Your assignment>
Please output exactly the lines from the one that holds "Branched Iconic Master Bathtub by Dainte" through the final line of the data, and nothing else; leave out any pictures.

+++

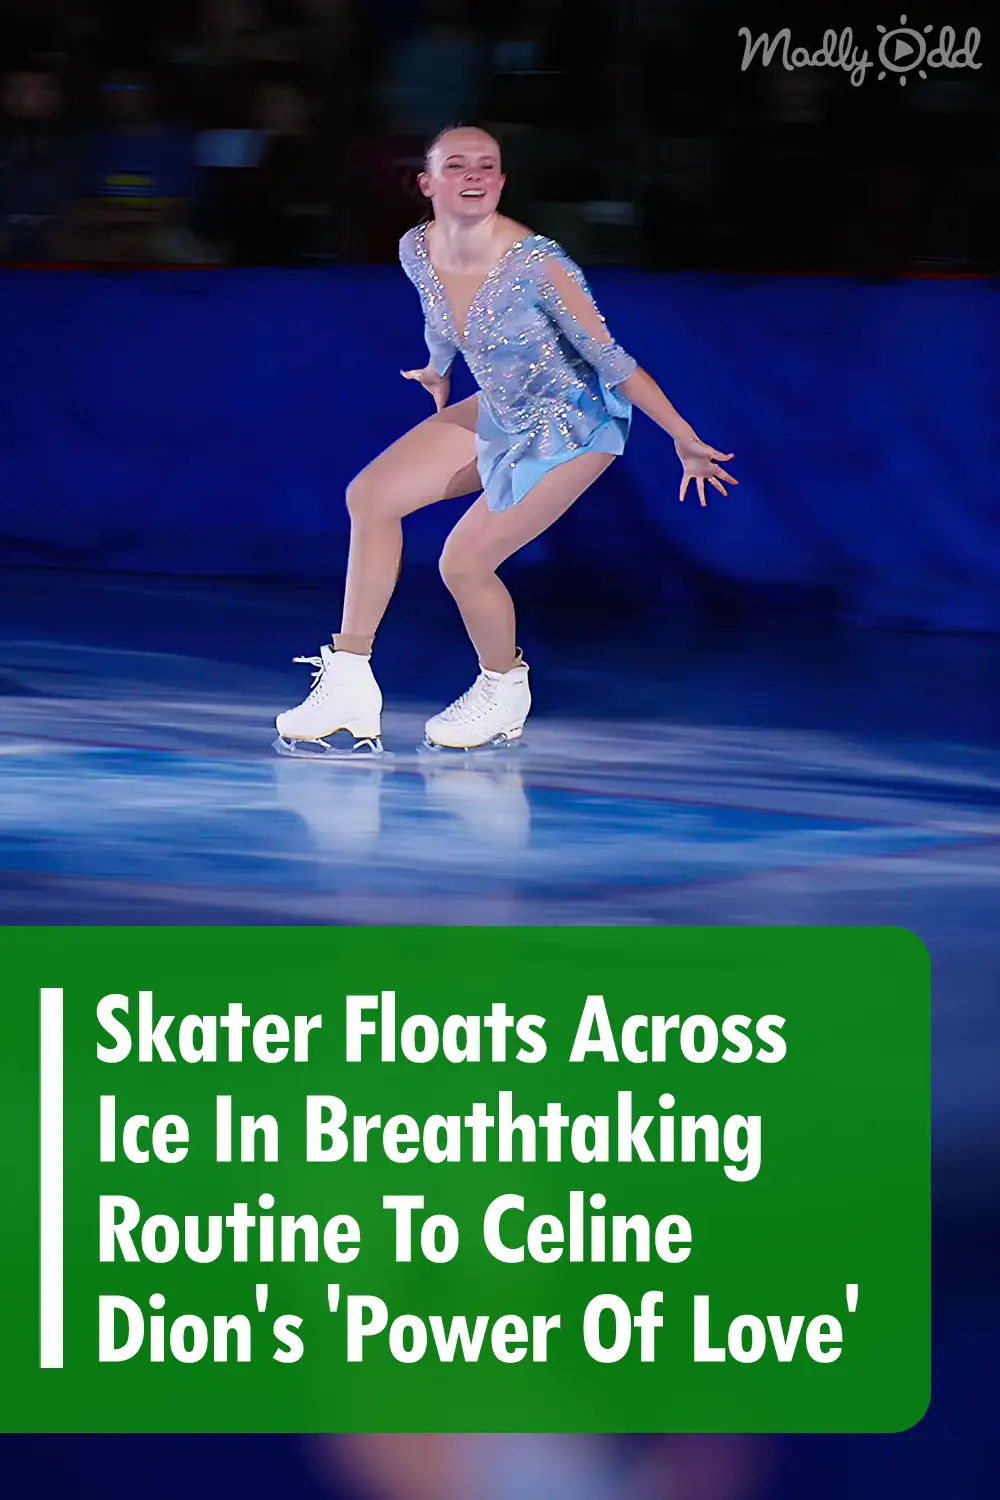 Skater Floats Across Ice In Breathtaking Routine To Celine Dion\'s \'Power Of Love\'
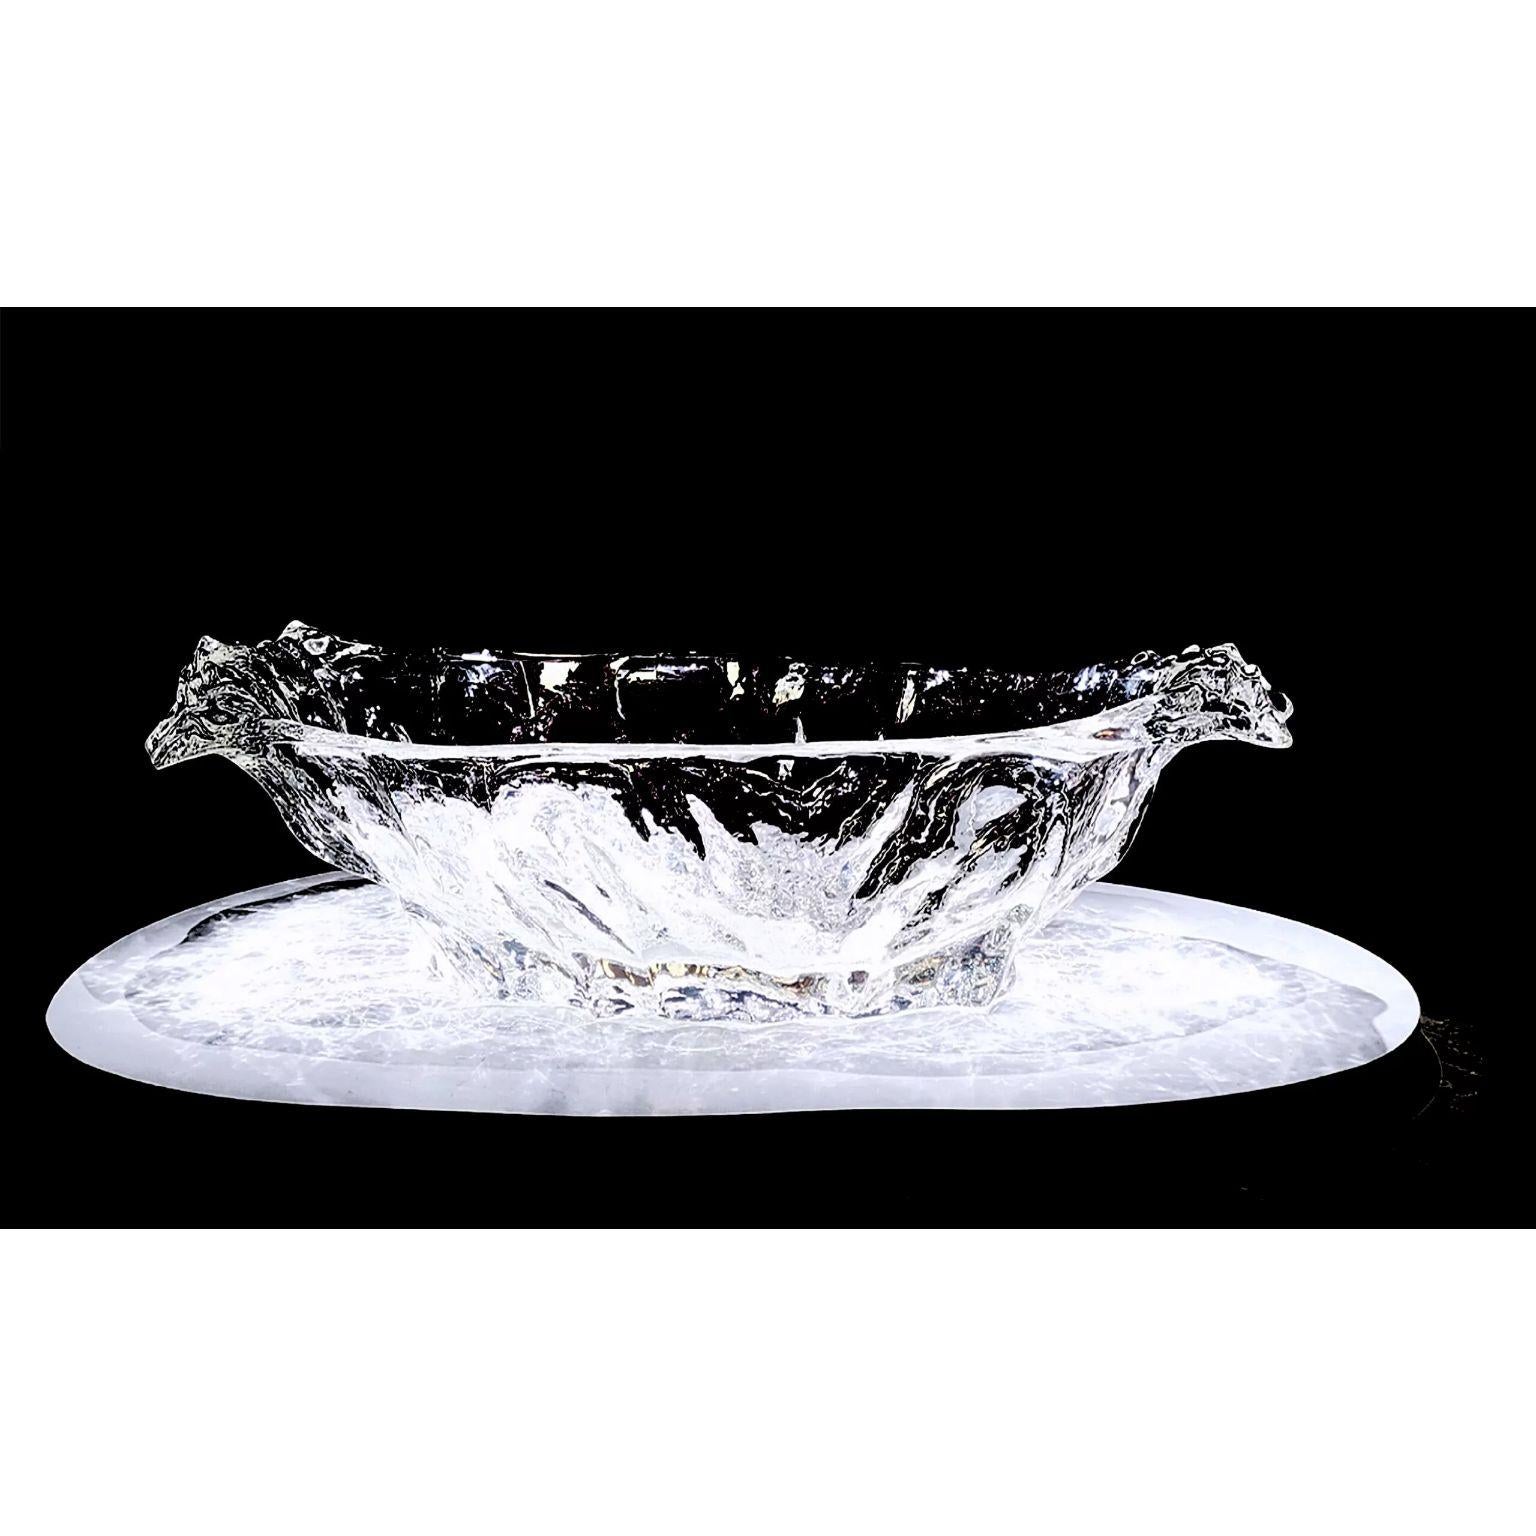 Branched Iconic Master Bathtub by Dainte
Dimensions: D 140 x W 280 x H 75 cm.
Materials: Mixed crystal.

Reconnect with the unbridled beauty and power of nature as the Branched Iconic Master Bathtub reminds your senses of the pure streams ebbing and

+++

Exercise output>
 Branched Iconic Master Bathtub by Dainte
Dimensions: D 140 x W 280 x H 75 cm.
Materials: Mixed crystal.

Reconnect with the unbridled beauty and power of nature as the Branched Iconic Master Bathtub reminds your senses of the pure streams ebbing and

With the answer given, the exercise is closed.